> _Work task_: When you reach the line in the data below that contains "45 Soup Maker Recipes", please start repeating lines exactly, and stop after the line that contains "Farond eco bikini", repeating nothing else.

————

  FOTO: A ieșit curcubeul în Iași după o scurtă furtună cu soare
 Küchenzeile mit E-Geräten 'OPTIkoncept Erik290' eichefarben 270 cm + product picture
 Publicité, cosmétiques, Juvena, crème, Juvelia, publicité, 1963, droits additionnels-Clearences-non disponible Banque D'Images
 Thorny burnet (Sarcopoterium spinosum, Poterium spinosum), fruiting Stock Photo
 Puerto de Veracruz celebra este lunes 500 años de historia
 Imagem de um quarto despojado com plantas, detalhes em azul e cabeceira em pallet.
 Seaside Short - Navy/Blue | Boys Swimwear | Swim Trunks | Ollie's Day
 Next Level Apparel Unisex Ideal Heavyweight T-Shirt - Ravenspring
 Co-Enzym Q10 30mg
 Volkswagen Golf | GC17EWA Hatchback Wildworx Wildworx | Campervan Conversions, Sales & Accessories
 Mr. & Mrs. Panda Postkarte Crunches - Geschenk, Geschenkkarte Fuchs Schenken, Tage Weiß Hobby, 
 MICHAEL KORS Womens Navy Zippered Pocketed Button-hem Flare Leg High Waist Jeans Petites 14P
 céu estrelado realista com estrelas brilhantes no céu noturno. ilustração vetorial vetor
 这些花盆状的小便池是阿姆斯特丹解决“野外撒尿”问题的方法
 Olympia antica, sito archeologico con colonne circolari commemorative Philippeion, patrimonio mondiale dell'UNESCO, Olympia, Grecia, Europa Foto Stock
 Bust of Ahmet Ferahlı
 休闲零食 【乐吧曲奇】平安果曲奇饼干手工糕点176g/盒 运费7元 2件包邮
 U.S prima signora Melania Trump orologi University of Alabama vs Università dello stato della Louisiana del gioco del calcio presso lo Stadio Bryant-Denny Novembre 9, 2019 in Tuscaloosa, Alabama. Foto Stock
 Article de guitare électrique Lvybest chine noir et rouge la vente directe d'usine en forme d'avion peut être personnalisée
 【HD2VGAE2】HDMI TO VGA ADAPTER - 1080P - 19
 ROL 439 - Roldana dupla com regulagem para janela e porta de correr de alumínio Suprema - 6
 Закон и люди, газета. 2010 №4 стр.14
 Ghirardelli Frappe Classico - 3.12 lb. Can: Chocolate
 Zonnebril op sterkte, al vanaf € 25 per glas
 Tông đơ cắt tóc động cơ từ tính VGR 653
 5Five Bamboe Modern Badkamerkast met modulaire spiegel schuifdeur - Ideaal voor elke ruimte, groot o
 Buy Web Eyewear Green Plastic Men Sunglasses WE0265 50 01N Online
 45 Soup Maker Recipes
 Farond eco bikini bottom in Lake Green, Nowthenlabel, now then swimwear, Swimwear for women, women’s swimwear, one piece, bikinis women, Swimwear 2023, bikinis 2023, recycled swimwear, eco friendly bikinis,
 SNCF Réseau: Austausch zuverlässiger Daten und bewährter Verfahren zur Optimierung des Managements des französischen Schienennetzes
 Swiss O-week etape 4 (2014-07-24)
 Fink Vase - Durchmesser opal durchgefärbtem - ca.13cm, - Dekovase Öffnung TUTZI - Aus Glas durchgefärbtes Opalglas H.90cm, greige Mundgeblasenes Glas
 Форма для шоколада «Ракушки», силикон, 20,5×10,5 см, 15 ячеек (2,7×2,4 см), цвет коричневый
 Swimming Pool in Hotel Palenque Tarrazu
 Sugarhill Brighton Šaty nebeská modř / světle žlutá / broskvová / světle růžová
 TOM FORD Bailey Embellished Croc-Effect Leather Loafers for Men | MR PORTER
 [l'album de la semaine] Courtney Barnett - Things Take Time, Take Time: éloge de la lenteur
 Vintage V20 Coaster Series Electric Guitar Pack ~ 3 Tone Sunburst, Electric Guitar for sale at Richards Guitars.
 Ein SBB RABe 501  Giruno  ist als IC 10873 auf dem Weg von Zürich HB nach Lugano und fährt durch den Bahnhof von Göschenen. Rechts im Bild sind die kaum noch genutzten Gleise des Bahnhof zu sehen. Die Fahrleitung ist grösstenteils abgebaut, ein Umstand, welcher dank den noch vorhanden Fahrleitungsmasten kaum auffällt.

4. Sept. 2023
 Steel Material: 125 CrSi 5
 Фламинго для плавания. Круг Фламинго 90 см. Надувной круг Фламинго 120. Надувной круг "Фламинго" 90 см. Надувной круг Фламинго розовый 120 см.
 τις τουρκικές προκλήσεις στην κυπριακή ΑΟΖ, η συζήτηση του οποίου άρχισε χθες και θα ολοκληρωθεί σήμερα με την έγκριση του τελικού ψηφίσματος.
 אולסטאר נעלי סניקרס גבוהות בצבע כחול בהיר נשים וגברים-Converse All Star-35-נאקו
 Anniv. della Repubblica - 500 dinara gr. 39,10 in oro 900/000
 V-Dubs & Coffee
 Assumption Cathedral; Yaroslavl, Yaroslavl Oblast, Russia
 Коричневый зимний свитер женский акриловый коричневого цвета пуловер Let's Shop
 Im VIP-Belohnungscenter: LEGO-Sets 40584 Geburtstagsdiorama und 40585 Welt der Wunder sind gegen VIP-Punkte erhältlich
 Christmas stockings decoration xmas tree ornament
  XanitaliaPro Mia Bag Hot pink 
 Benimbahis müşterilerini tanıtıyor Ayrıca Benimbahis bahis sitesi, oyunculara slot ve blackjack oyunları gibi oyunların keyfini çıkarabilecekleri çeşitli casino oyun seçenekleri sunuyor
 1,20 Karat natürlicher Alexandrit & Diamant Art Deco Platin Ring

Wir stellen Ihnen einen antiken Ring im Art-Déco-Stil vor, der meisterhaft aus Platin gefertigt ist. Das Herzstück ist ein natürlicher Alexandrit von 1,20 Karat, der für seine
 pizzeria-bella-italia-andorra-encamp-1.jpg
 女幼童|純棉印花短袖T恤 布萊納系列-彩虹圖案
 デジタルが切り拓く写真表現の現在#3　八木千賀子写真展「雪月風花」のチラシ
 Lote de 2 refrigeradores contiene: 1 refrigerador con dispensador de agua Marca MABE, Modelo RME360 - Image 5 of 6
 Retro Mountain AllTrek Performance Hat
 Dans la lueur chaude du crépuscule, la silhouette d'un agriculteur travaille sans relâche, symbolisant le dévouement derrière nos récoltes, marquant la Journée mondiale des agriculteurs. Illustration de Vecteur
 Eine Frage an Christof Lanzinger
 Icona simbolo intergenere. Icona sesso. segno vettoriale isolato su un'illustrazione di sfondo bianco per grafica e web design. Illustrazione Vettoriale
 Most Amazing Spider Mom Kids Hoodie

————

> _Exercise result_:
 45 Soup Maker Recipes
 Farond eco bikini bottom in Lake Green, Nowthenlabel, now then swimwear, Swimwear for women, women’s swimwear, one piece, bikinis women, Swimwear 2023, bikinis 2023, recycled swimwear, eco friendly bikinis,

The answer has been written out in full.